Over the next half century, Fern became as familiar a part of the Redlands landscape as the orange groves. She was the teacher whose classes parents tried to get their children into. She was the wife of one of the high school football and baseball coaches. She was a faithful church choir member who organized the annual, animal-filled Easter Pageants at the Redlands Bowl. She volunteered in dozens of community organizations, especially those supporting education, women, and faith.
And she was the linchpin of an enormous family extending across California deserts and valleys, convincing my cousins from Modesto to the Mojave to make the long drive home to Redlands for the holidays.
She applied her missionary zeal in the classroom. She kept her students constantly moving around and embraced project-based learning, well before such approaches were conventional wisdom. She was especially adept at supporting struggling kids; she even tutored particularly hard cases at home.
“Mom knew what it was like to be an outcast,” says her son Michael. “Her whole life, she was very protective of outcast kids.”

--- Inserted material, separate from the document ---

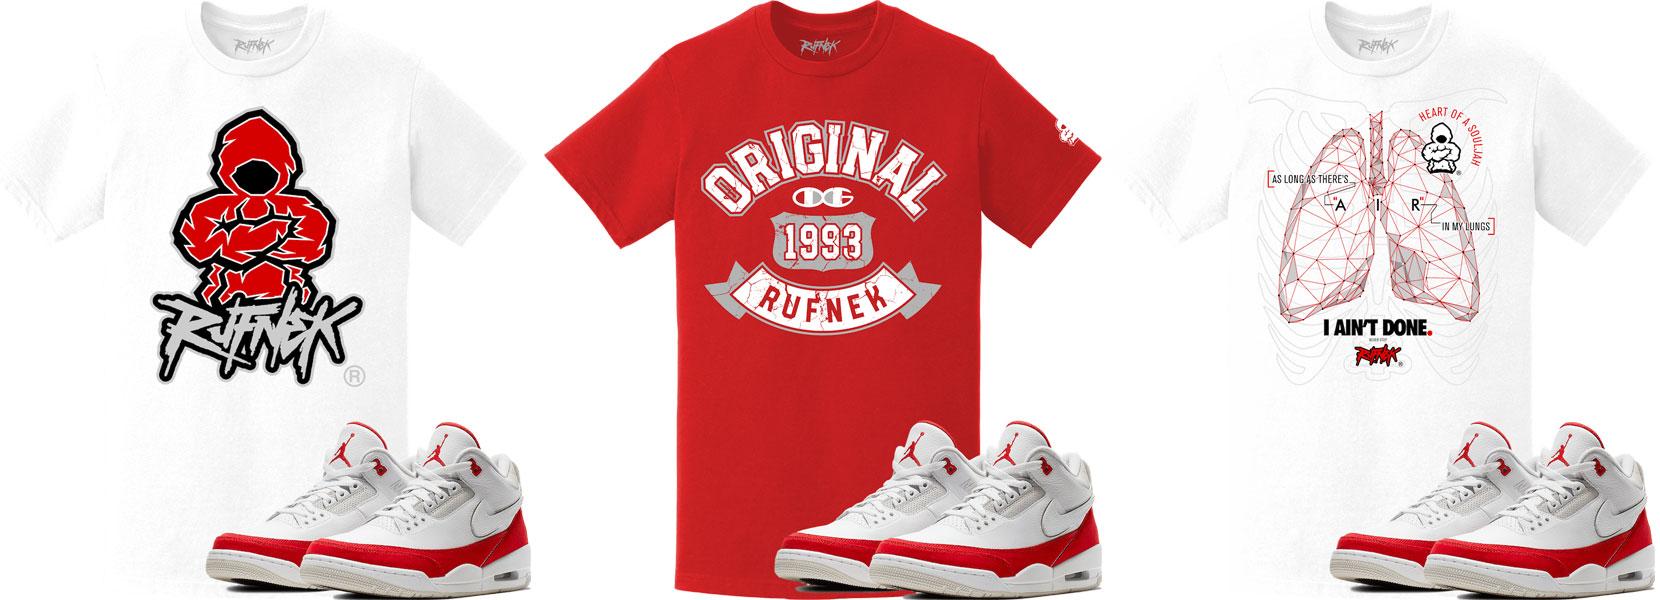 f6984e9b83191a Jordan 3 Tinker Air Max 1 Sneaker Shirts

She inspired more than a few of her students to work in the classroom themselves. Today at Mariposa Elementary, the teacher in K1, Fern’s old classroom, is Mara Comadena, who was a student of Fern’s in the 1970s. When they became colleagues, Comadena was struck by “the way Fern talked to the students—she was very matter-of-fact, very to the point, firm and fair. She wanted them to learn, but being a kindergarten teacher is not just about learning. I recall her saying often, ‘You want kids to love coming to school.’”
Fern loved coming to school, too. There were no limits to her ambitions—after she wrote a new elementary school curriculum on weather, she cold-called the L.A. TV meteorologist “Dr. George” Fischbeck and convinced him to return to Redlands and teach a lesson. She taped construction paper on the bottom of students’ desks and then had them lie down beneath and paint facing upward—to show them how Michelangelo painted the ceiling of the Sistine Chapel.
Fern retired in 2004, after 41 years of teaching. In 2006, she became an actual missionary, traveling to South Africa with members of her church to work with children, many of them HIV-positive.
Throughout her life, Fern, who never quite lost her Okie twang, was skilled at getting along with people. If she had any enemies, they were probably the cardiologists of friends and relatives for whom she cooked delicious meals from old family recipes.
Her signature dish was a dessert—Aunt Fern’s chocolate pie, made with four eggs and two sticks of butter.
The pie wasn’t healthy. But it tasted good enough to make you believe in God almost as much as Fern did.